Воздух, несмотря на прозрачность, настолько плотный, что любое сжатие
сопровождается каким-либо аккомпанементом. Оторвавшийся от
материнского ствола листок, кружась в воздухе, возмущает атмосферу и та
вибрирует, сигнализируя о его падении. Современным людям услышать сие,
увы, не дано. И кто может сказать, какие другие не менее значимые качества
были утрачены по мере того, как человек приспосабливал природу под
собственные нужды?
Взять тех же бабушек, способных с помощью заговоров излечивать
заболевания, которые нынешним эскулапам не по зубам. В восьмом классе
Настя выглядела гадким утенком: сверстницы похорошели, ударились в рост,
округлились, приобрели соблазнительные формы, включая задорно
выпирающие грудки. В классе образовалась элита из физически
сформировавшихся девиц, а она осталась похожей на подростка -
худосочного и костлявого. Вот и стала, волнуясь, грызть ногти. Сколько
мама ее за это не шпыняла, ничего не помогало. Закончилось тем, что
однажды у нее опух палец. Сначала она не обращала внимания на ноющую
боль, терпела до тех пор, пока палец не превратился в огнедышащую
красную сардельку. Пришлось пойти на прием к дерматологу. Тот
диагностировал панариций. От лекарств только тошнило, а краснота
неукротимо ползла по руке. Боль была нестерпимой, Настя готова была и
всю кисть отпилить. Ампутации удалось избежать благодаря соседке бабе
Клаве. Увидев руку девочки, старушка размотала бинты и запричитала: "Ой,
боженька, страсть небесная! Да как же тебя, девонька, угораздило подцепить
такую заразу?". Она затащила маму Насти в другую комнату и долго что-то
забористо ей выговаривала. Последующие события Настя запомнила плохо:
раннее утро, электричка, старенький деревенский домик и участливые
голубые глаза старушки в темном платке. Та приказала ей опустить больную
руку в алюминиевую миску с водой и, поглаживая багрово-красную кисть
тремя колосками пшеницы, что-то нашептывала. Потом настоятельно
посоветовала обернуть больную руку двумя платками: снизу красным, а
сверху пуховым, и ни в коем случае не снимать в течение недели. Три дня
Настя мужественно терпела, хотя свербеж был невыносимым. Не выдержав
пытки, со слезами объявила матери, что снимет платки. "Потерпи минутку" -
взмолилась мама и перепуганной птицей вылетела из комнаты. Явление бабы
Клавы было предсказуемым. Старушка присела на кровать, осторожно
приподняла ее руку. "Ты ничего не зришь, потому что видеть надо не
глазами, а сердцем. Душа у тебя, как у птички, безвинная и бесхитростная.

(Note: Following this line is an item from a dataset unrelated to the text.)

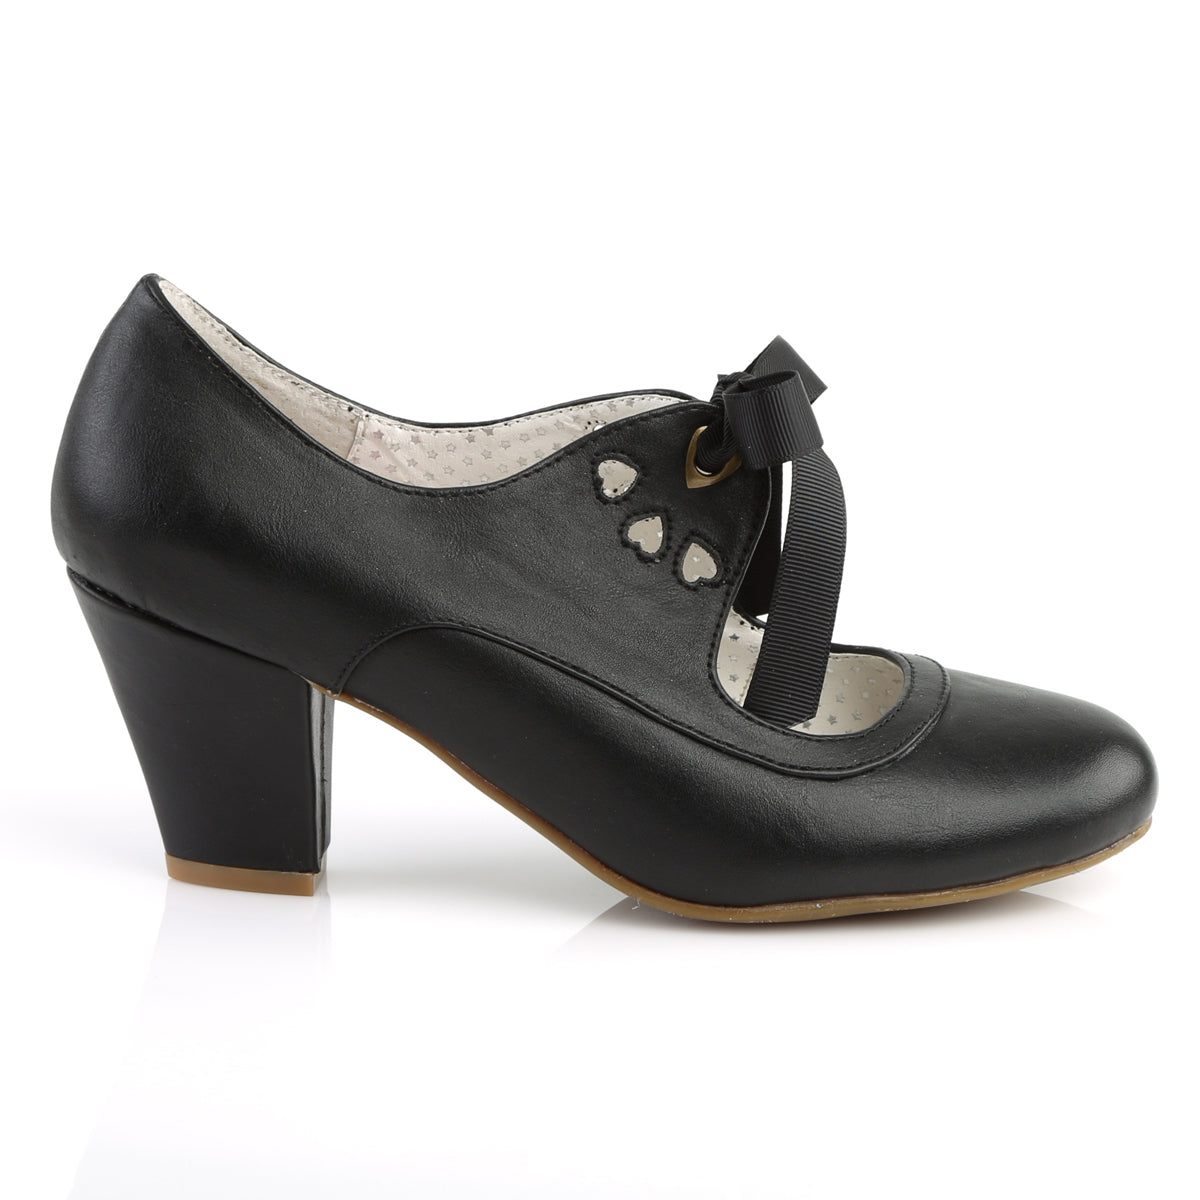 WIGGLE-32 Pin Up Couture Black Faux Leather Single Soles [Sexy Shoes]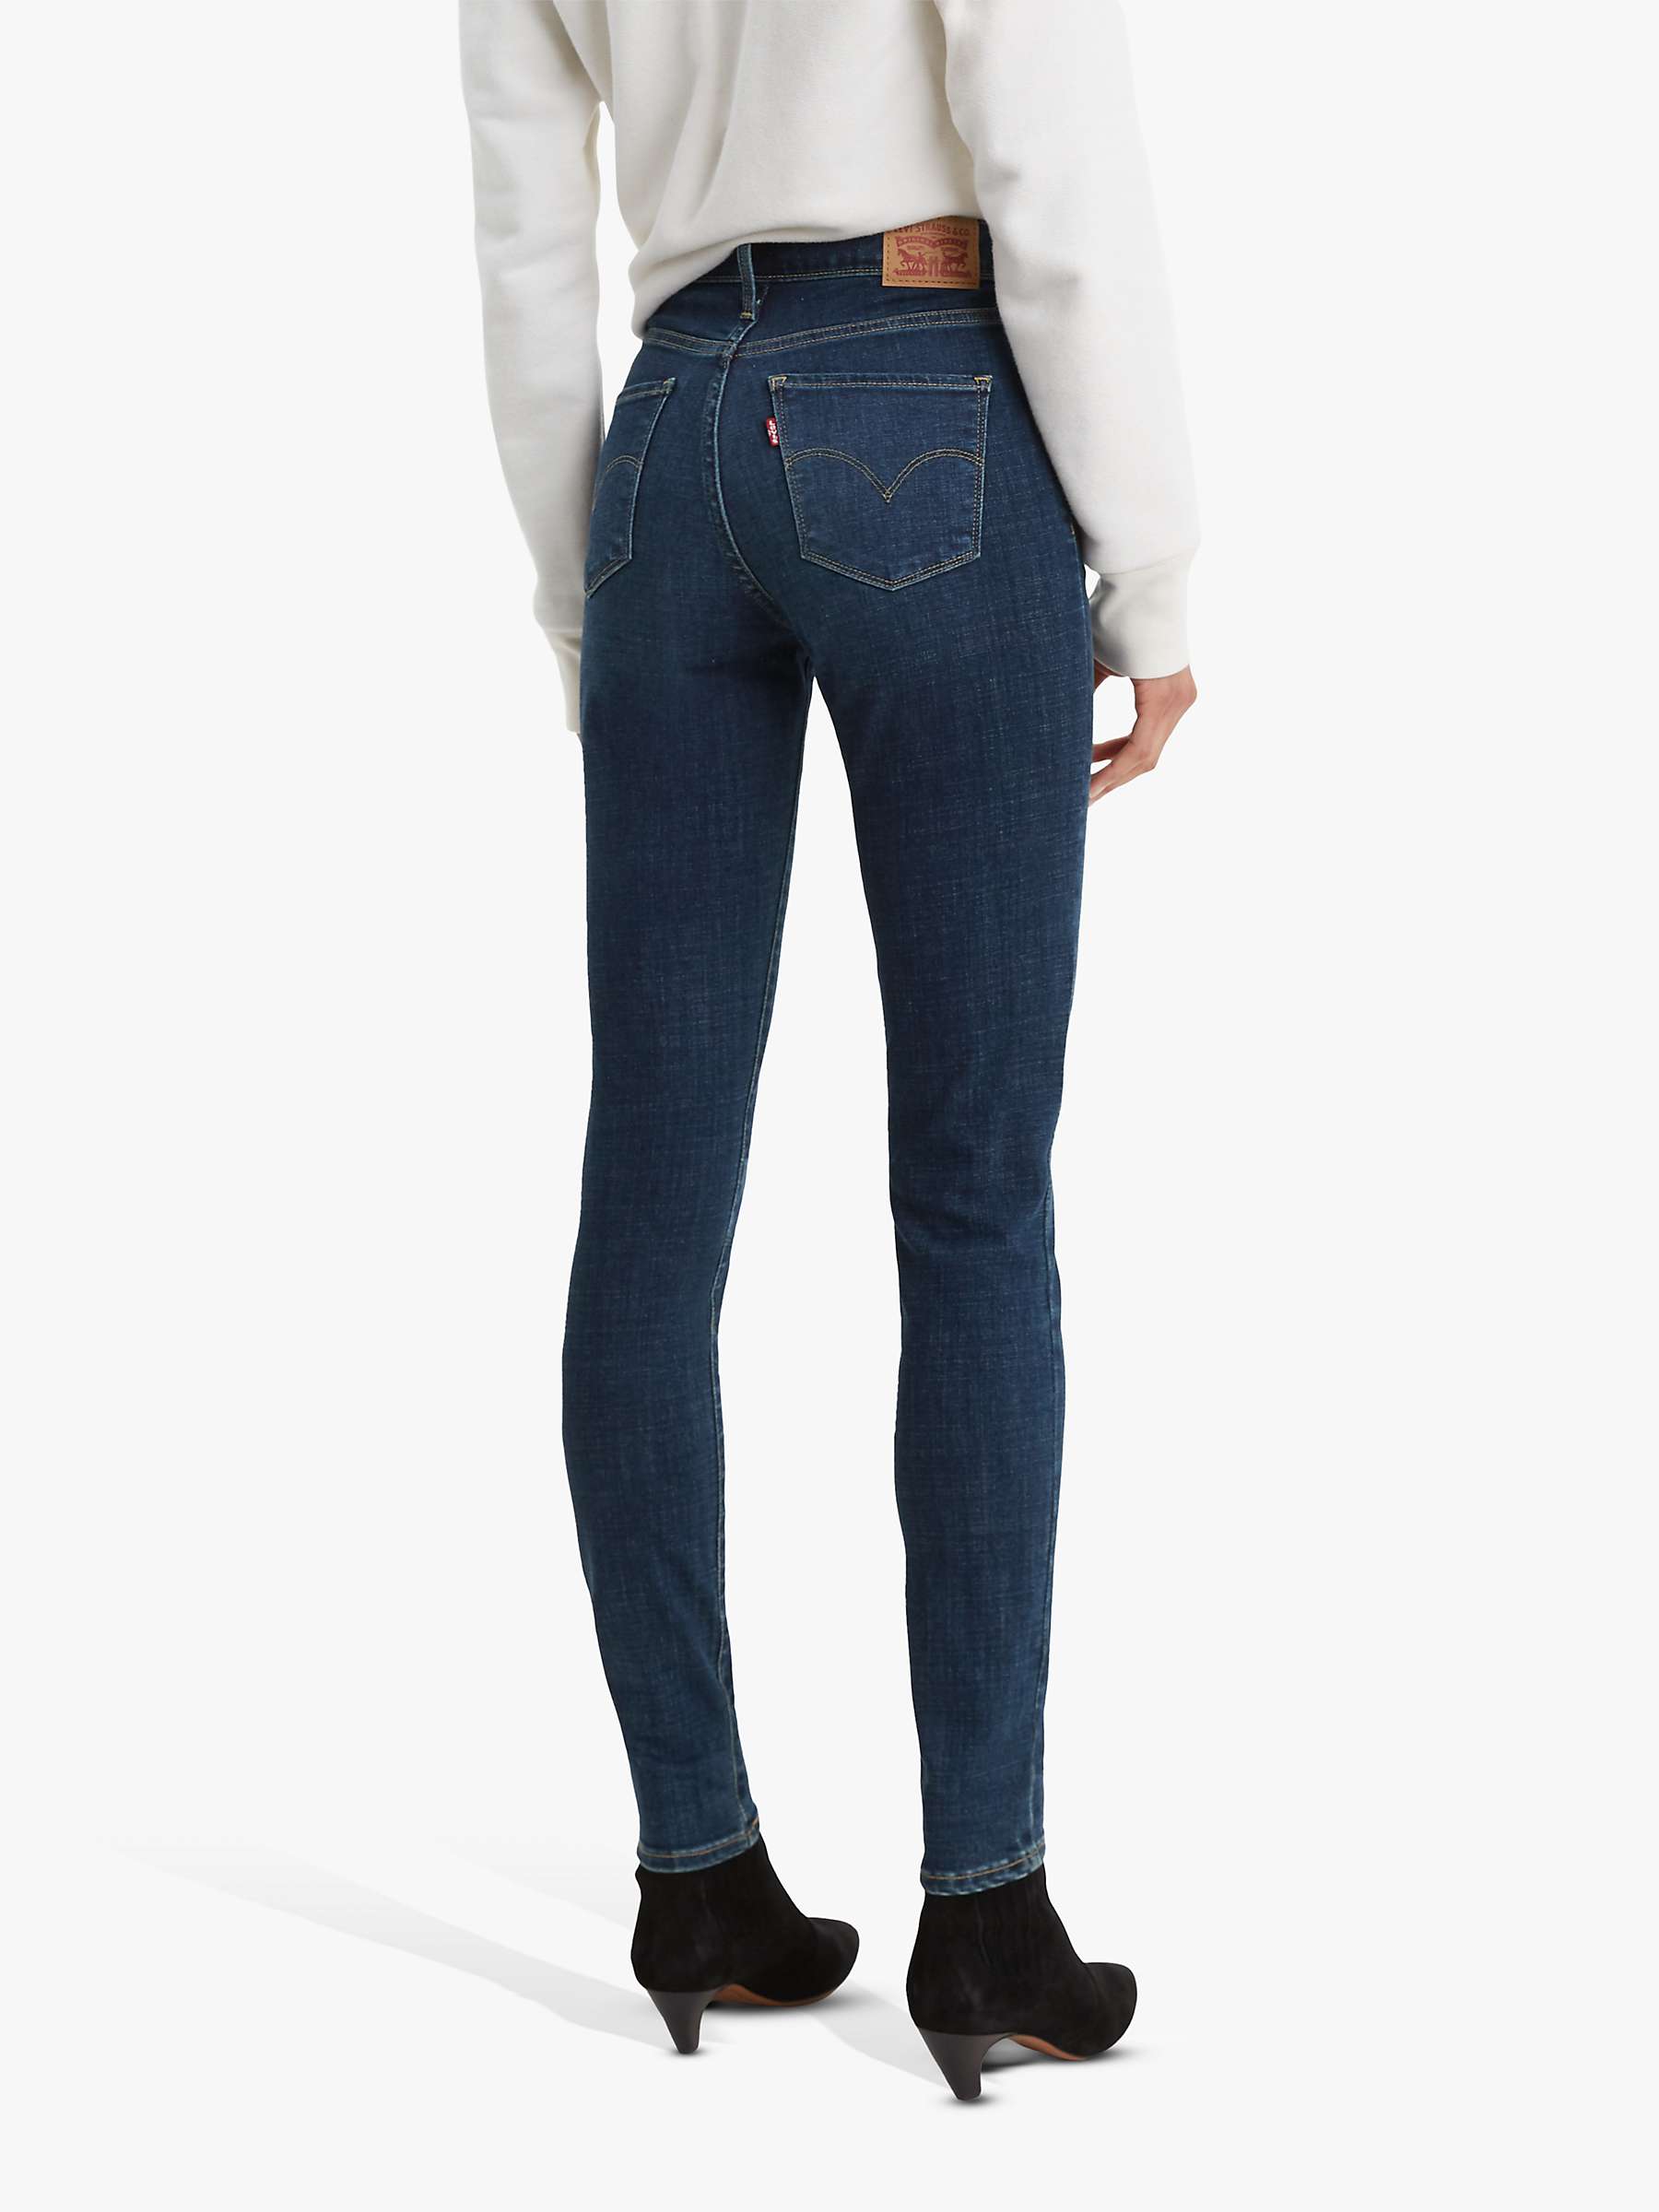 Buy Levi's 311 Shaping Skinny Jeans, Lapis Maui Views Online at johnlewis.com

Но запомни: ты уже попала в черный круг, хоть и не по своей воле. Выход
один: смирись с мукой, позволь ей лютовать, сколько захочется, думай
только о том, что рано или поздно она исчерпается. А пойдешь поперек - зла
наживешь. Поняла?". Настя покорно кивнула. Единственное, что до нее
дошло, - нужно дотерпеть. Впрочем, к вечеру зуд утих и девушка спокойно
уснула. Через три дня избавилась от надоевших платков - поврежденная рука
ничем не отличалась от здоровой. С той поры грызть ногти перестала, а когда
волновалась, щелкала семечки. Вспомнив, что они тоже вышли боком -
пришлось устроить капремонт передних зубов - Настя невольно сбавила шаг
и пребольно бахнулась ногой о камень. Нагнувшись, потерла большой
палец, а когда поднялась, не увидела Ришелье. Огляделась, пытаясь понять,
куда он делся, но доходившая до пояса трава надежно скрывала животное.
Хуже всего было то, что она и понятия не имела, как вернуться на кордон.
"Козел - он и в Африке козел", - обозлилась девушка, хотя и понимала, что в
случившемся виноват отнюдь не Ришелье. Вспомнилось, как знакомый отца,
работавший в таксопарке, рассказывал, что можно проездить много лет и ни
разу не проколоть колесо, но когда везение заканчивается, то едва ли не
каждый день приходится ремонтировать пробитую резину. Что-то многовато
в этом году на ее голову свалилось напастей. Прямо-таки косяком пошли.
Что бы это значило?
Настю кто-то толкнул в задницу и хотя прикосновение было несильным,
она развернулась, как ужаленная. Перед нею стоял Ришелье. "Миленький
мой, ты вернулся", - расчувствовалась Настя и, присев, обняла козла за шею.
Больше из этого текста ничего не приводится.